Go away and come back home. Sounds good, doesn't it?
Until you can't. Home has its ways. You know them, don't you? All those little things.
Talisa Denove knows them well. She understands how the Field operates; it's where she grew up. Once upon a time. Only, the Field let one of their own get away with murder. And Talisa's the only one with the sack to do something about it.
For this week's story, dear reader, I invite you to contemplate what and how you'd tackle trouble in the family. And, if you had to, just what you'd do to pry apart those...
Highly Functional Forms by M. K. Dreysen
Talisa Denove rotated the solar system and its rocks around her.
She liked it that way. Rotate the universe, rotate the ship, it all came to the same thing. The algebra and the view of it, such a magic combination. Star map interrupted by window bracing.
And whichever way the coordinate system twisted, there came Ward Theriot's rock into view. Dead center of the window. She'd pass underneath, a gentle arc of semi-orbit some thousand kilometers in radius away from Theriot's stake.
Just another piece of what might have been. That's all her ship would be to Theriot's sensors. At this distance, Talisa reminded herself. Don't go, girl.
Don't go any closer. She checked her engine systems, all good.
And then Talisa double checked the tight-focus radar beam she allowed to query her arc. What good would it do her, all tucked in nice and tight and quiet in this here surveillance pass, and then fire the engines and give herself away because she'd gone and missed a piece of rock dancing into her way?
There were no such pieces of rock.

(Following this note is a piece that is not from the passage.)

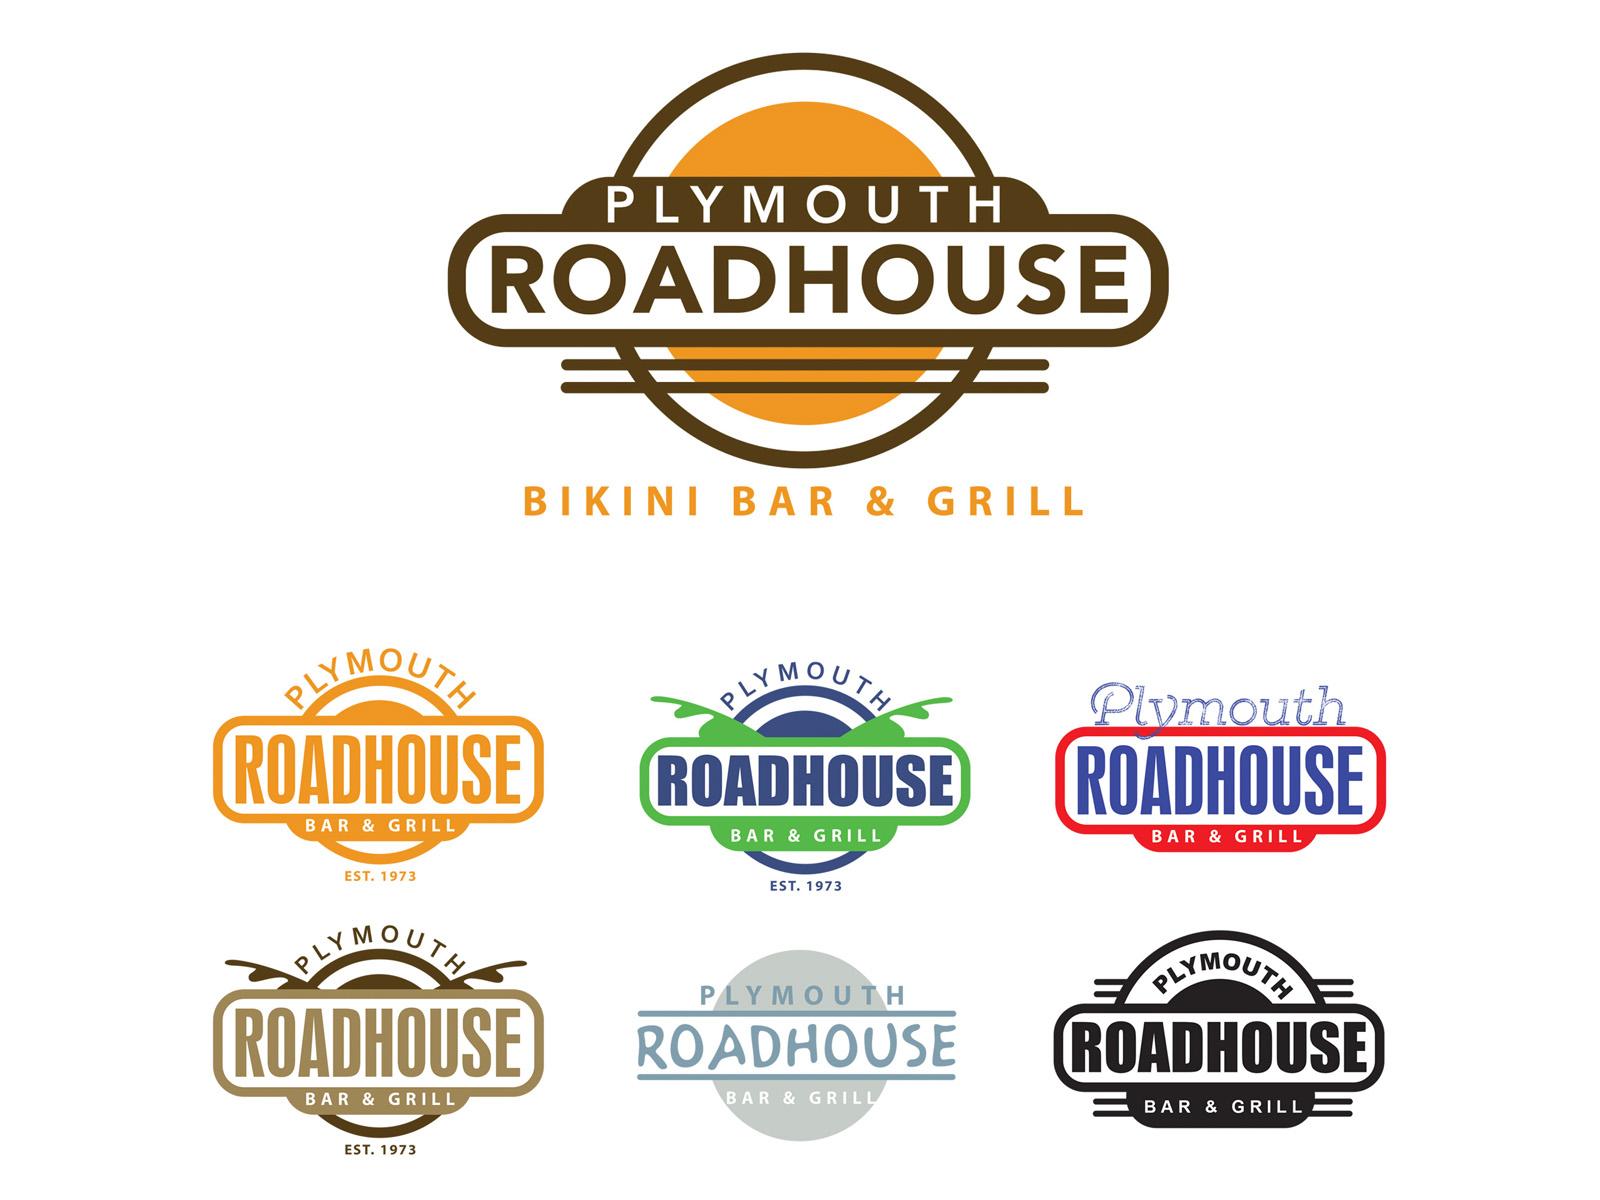 Plymouth Roadhouse Logos

Talisa patted herself on the back, well ok she smiled and considered it the same, for measuring twice and only having to cut the once.

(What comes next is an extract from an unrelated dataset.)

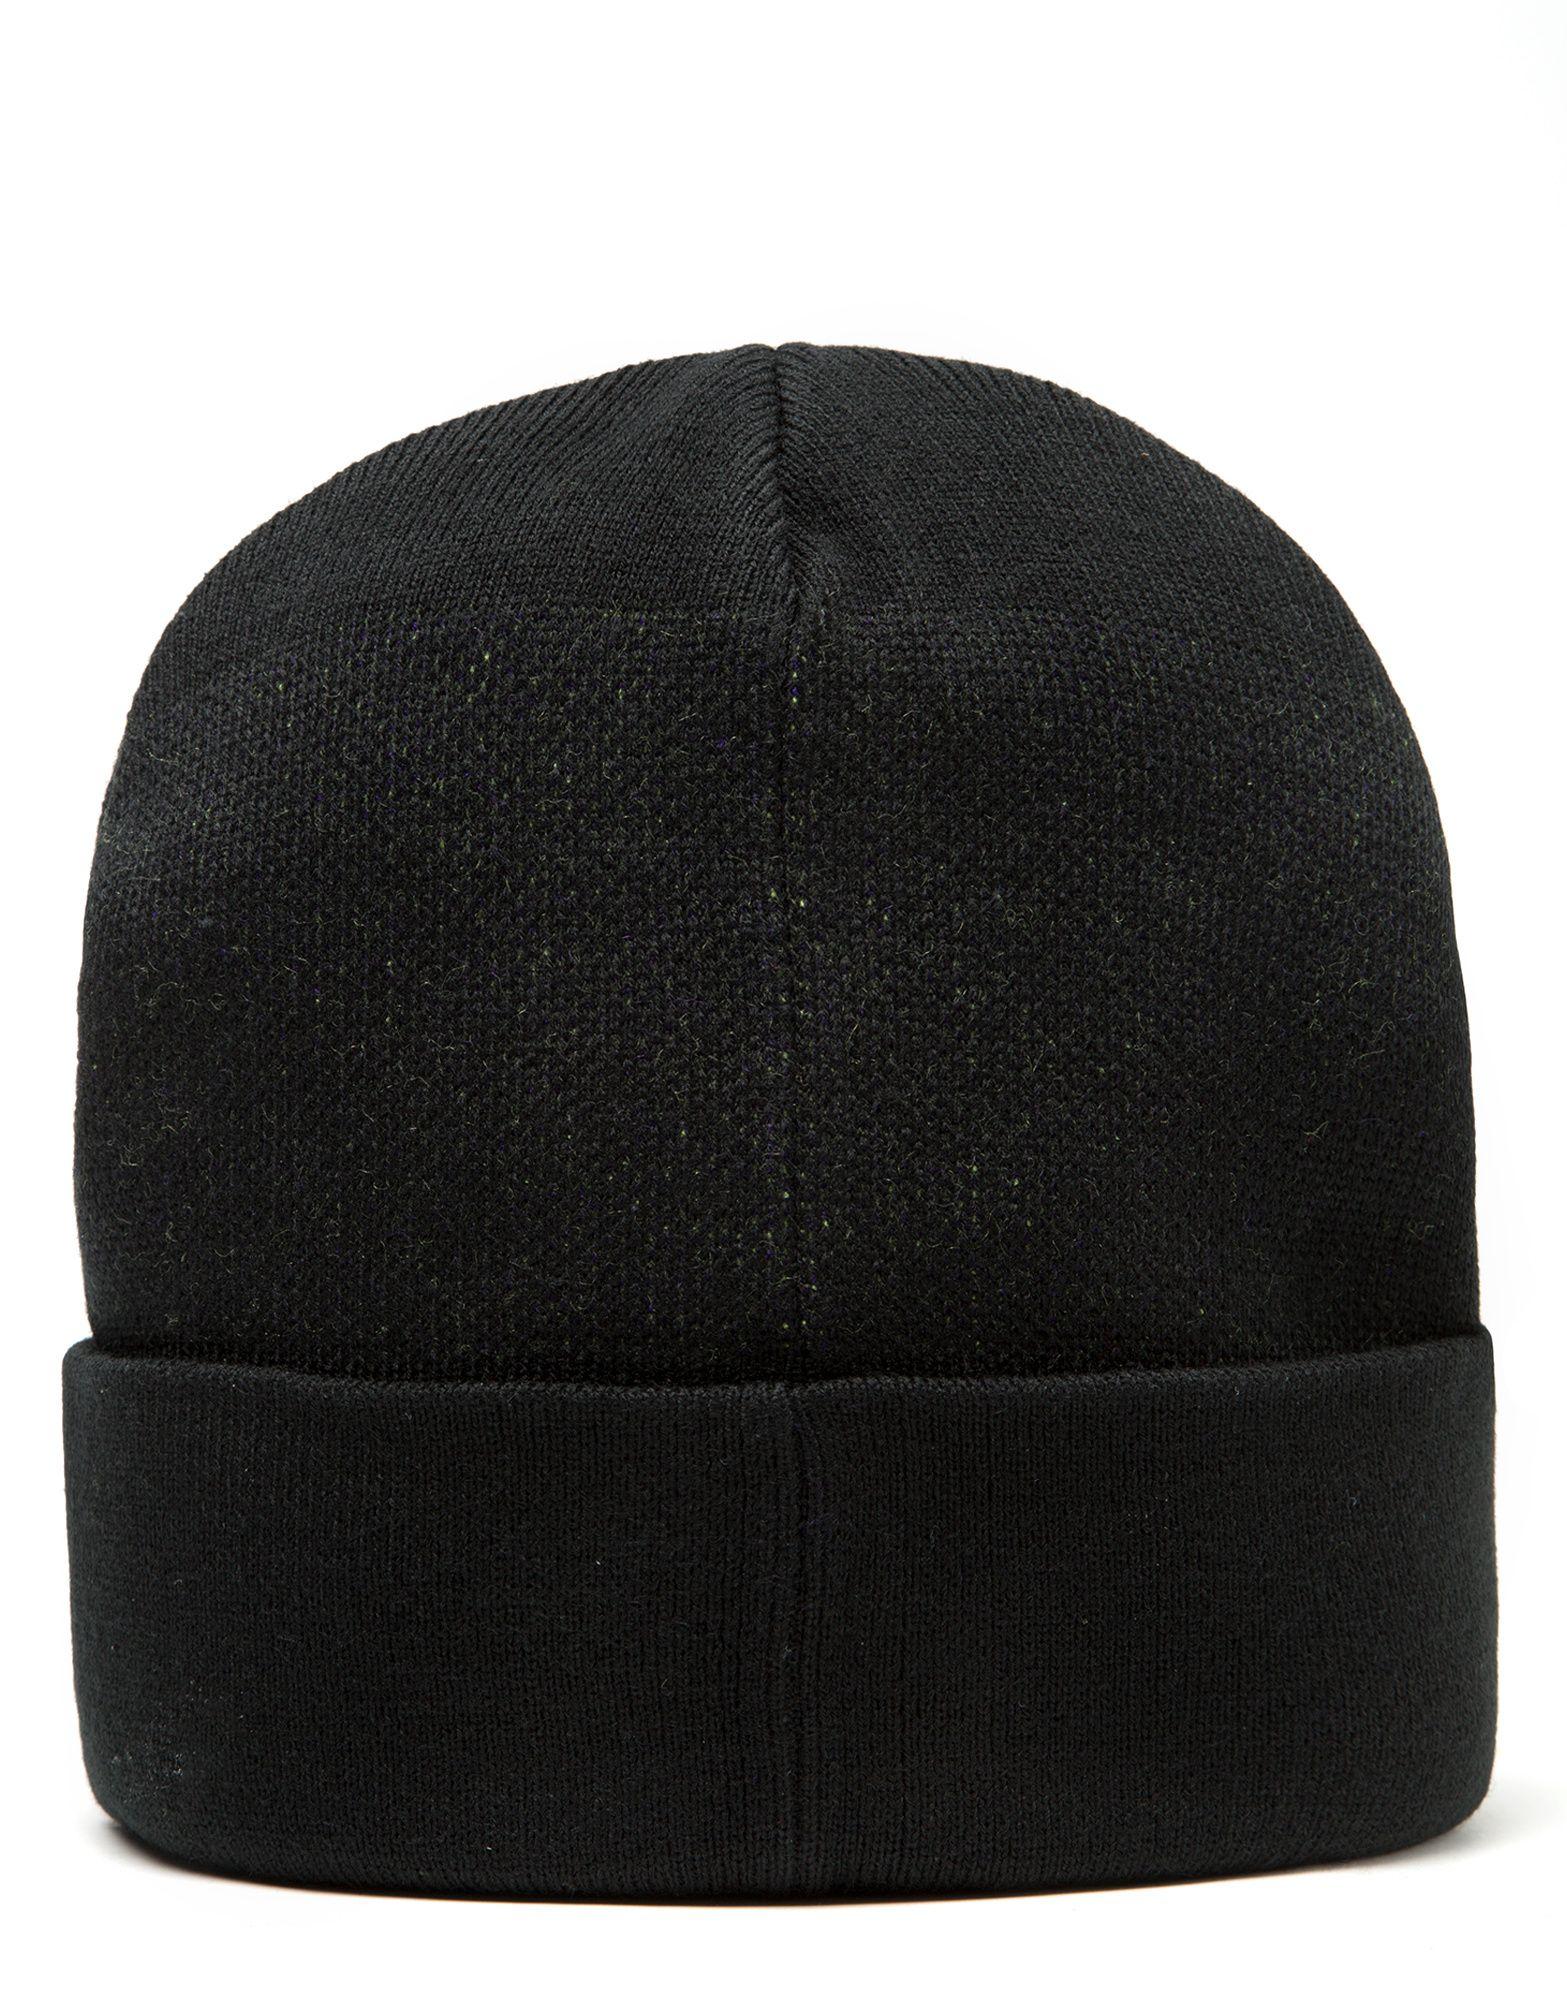 Beck and Hersey Dope Skills Beanie Hat

The mouths and the wanna-be's would be sitting at the bar, telling themselves and anyone who'd listen, especially the cheapjack novel writer with a penchant for stretching, that a real hunter would be lighting onto Theriot's rock, suiting up and blasting him where he lived. Laser cut the doors off, vent that sucker's habitat and take him in fire and ice and the stars to witness.
In Talisa's experience, the mouths had never pulled the job anywhere without gravity. And the wanna-be's had never pulled a job. Theriot, just like any other miner, had armored pressure suits and armed and armored habitats.
Had to. Micro-rubble at kilometers per second walked the walk in the field. That's why the armor on the suits. And the bigger rubble pieces explained the cannons and the rockets. Theriot's little piece of heaven carried plenty of firepower to sweep the volume free of anything big and nasty.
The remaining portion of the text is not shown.